Regular expressions (regex or regexp) are useful for extracting information from any text by retrieving one or more matches of a particular pattern (that is, a particular SEQUENCE of ASCII or Unicode characters).

Application: parsing, replacing string, data format conversion, and web crawling.

The funny thing is, once you learn the grammar, You can use this tool in almost any programming language (JavaScript, Java, VB, C #, C/C++, Python, Perl, Ruby, Delphi, R, Tcl, and many others), with only minor differences.

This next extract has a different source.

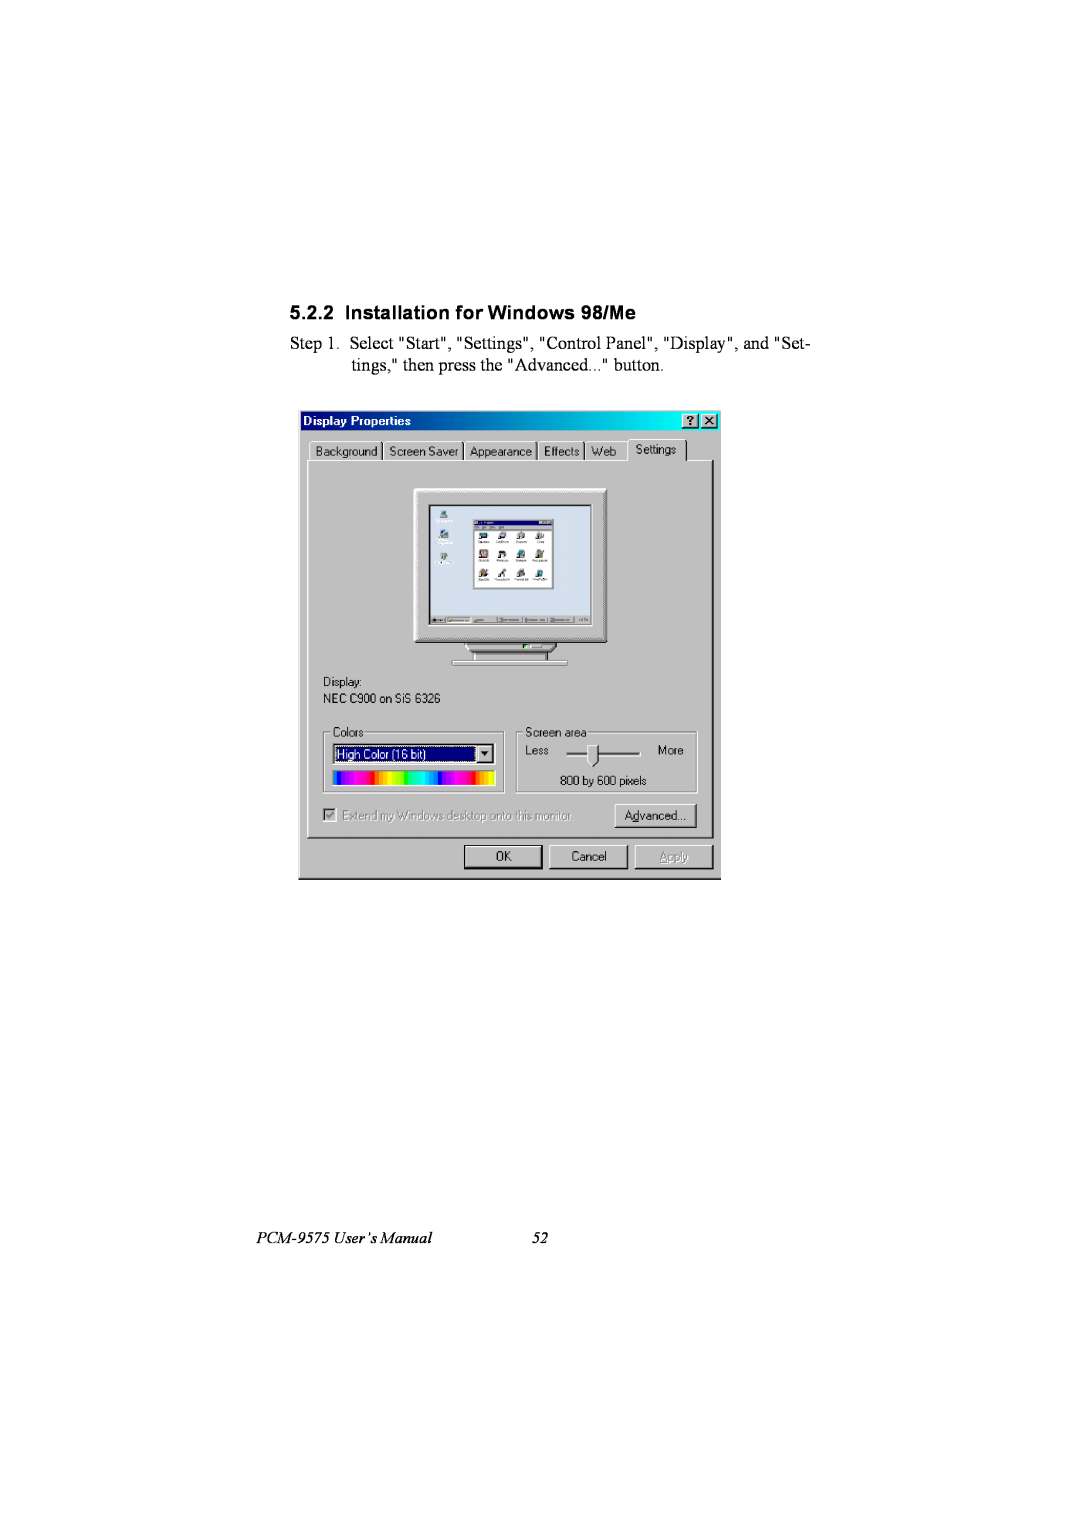 IBM 100/10 user manual Installation for Windows 98/Me, PCM-9575 User’s Manual

Let’s take a look at some examples and parsing.

The basic grammar

Boundary matching – ^ and $

  • ^The matches any string beginning with The -> Try it!

  • End $matches any string ending in end

  • ^The end$matches The string exactly (The start, end)

  • Roar matches any string that contains roar

Quantifier – * +? and {}

  • ABC * matches ab followed by zero or more c strings [0, +∞] -> Try it!

  • ABC + matches the string after ab one or more times c [1, +∞]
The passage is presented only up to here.